– Это он? – спросил рядовой Юлфедкерк отчего-то шепотом.
– Да, – сказал мичман. – Это наш келументари.
Почти с минуту все молча вглядывались в лицо келументари, словно бы пытаясь найти в нем признаки потаенной угрозы.
– Совсем пацан, – наконец промолвил ефрейтор Бангатахх.
– Кадет-первогодка, – сказал рядовой Юлфедкерк. – Мы в училище таких даже не чморили.
– Все же он другой, – отметил сержант Аунгу. – Может быть, в метрополии он мог бы затеряться, но здесь всякий ткнет в него пальцем.
– Потому он и удрал отсюда при первой возможности, – сказал Нунгатау. – А теперь ответьте: куда этот болезненный дохляк направится, чтобы собраться с мыслями и силами?
– Чего тут думать, – сказал сержант. – За неимением лучшего – на Шокхагу.
– Согласен, – кивнул Бангатахх.
– А я вот что скажу, – промолвил мичман. – Вижу, вам ужасно не хочется на Троктарк. Да чего уж – вы боитесь. Военная база, режимный объект, орбитальное патрулирование… чего вы там еще наврали мне с три короба… Но я кое-что знаю об этом парне. Из всех возможных путей он выберет наихудший.

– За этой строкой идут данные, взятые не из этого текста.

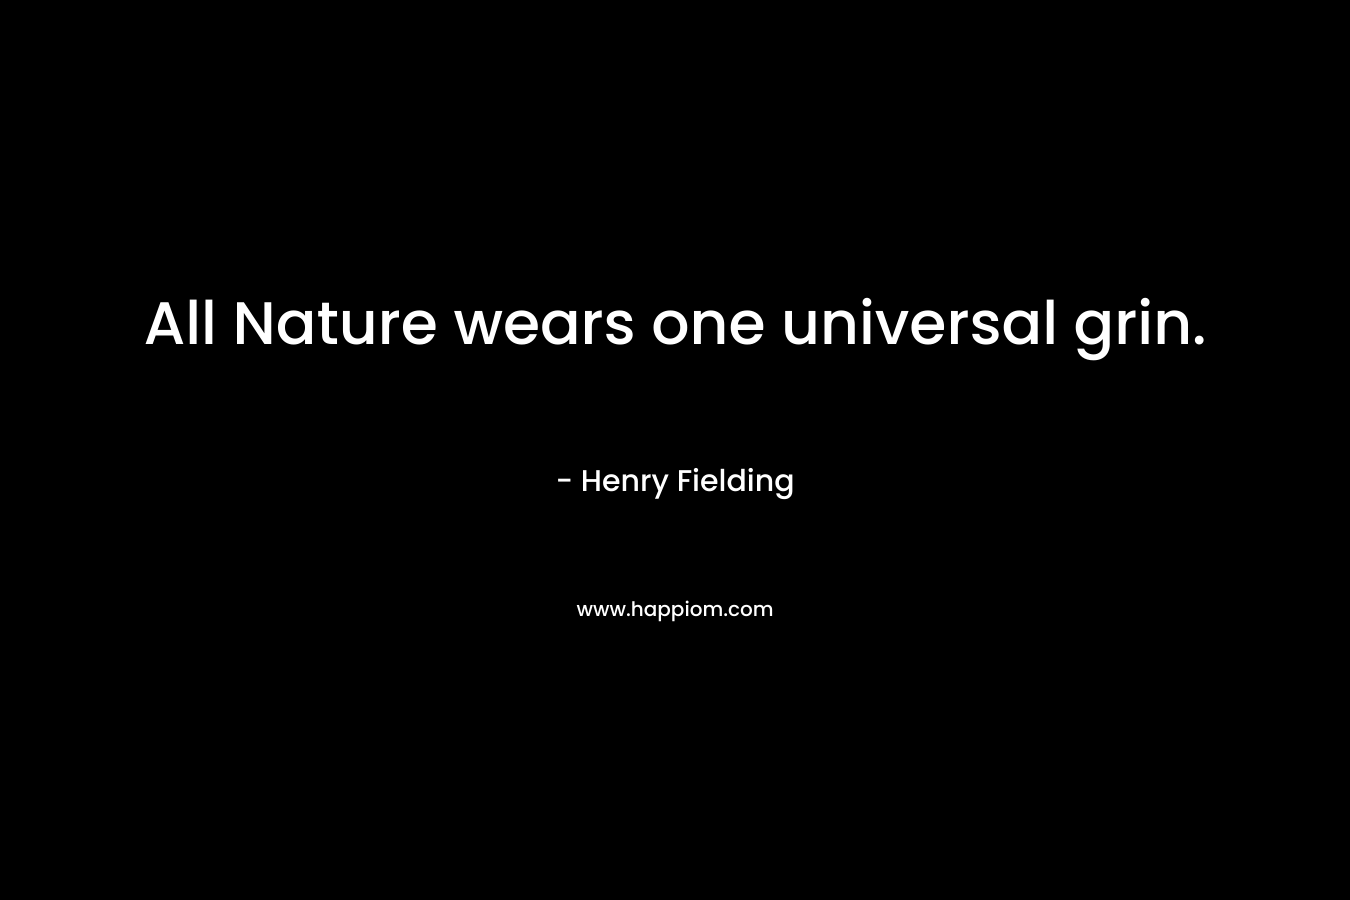 All Nature wears one universal grin.

Значит, и мы вслед за ним. Мы зачем сюда прибыли – искать, где безопаснее, или рискнуть своими никчемными шкурами и добыть-таки келументари для гранд-адмирала?
– Нас собьют, – сказал сержант упрямо.
– Что за глупости, – фыркнул Нунгатау. – Как нас могут подбить, с таким козырным парнем в кресле пилота?!
7. К вопросу о человеческих реакциях
– Это, – капитан Ктелларн совершил плавный жест в направлении стены, – просто технологический стык. Ни к каким сокровищам Али-бабы или тайнам Мадридского двора он вас не приведет. – Капитан прошел к столу, выдвинул кресло и сел спиной к двери. Как бы между делом извлек на свет личное оружие – скерн и положил перед собой. – Но поднимать доски пола не следует.
– Что там?
– Ничего любопытного. Инженерные коммуникации.
– Хоакин Феррейра жив? – сразу же спросил Оберт.
– Это философский вопрос. Странно, что он не заинтересовал вас раньше.
– Мы такие ненаблюдательные, – сказал Оберт с каменным выражением лица.
– Что же изменилось? – спросил Ктелларн, ни к кому специально не обращаясь, вперивши стеклянный взор в пространство. – Отчего, когда минуло столько времени с момента последней вспышки вашей активности, не столько драматической, сколько комической, вы вновь стали задаваться вопросами?
– Но мы же не растения, – сказал Оберт. – Ставить вопросы и искать решения – в человеческой природе, «и кто истребил бы в человеке зачатки этих качеств, тот уничтожил бы основания, на которых зиждется наша жизнь»[4].
– Кстати, вы правы, – заметил капитан. – Я действительно не считаю вас растениями. Я склонен относить вас к разряду высокоорганизованных животных, наделенных выраженным стадным инстинктом. Или стайным, в зависимости от того, что вам диктует самооценка. Потому я и озадачен. Никто не ждет, что животные, которые мирно пасутся, питаются и совокупляются, вдруг начнут ставить вопросы.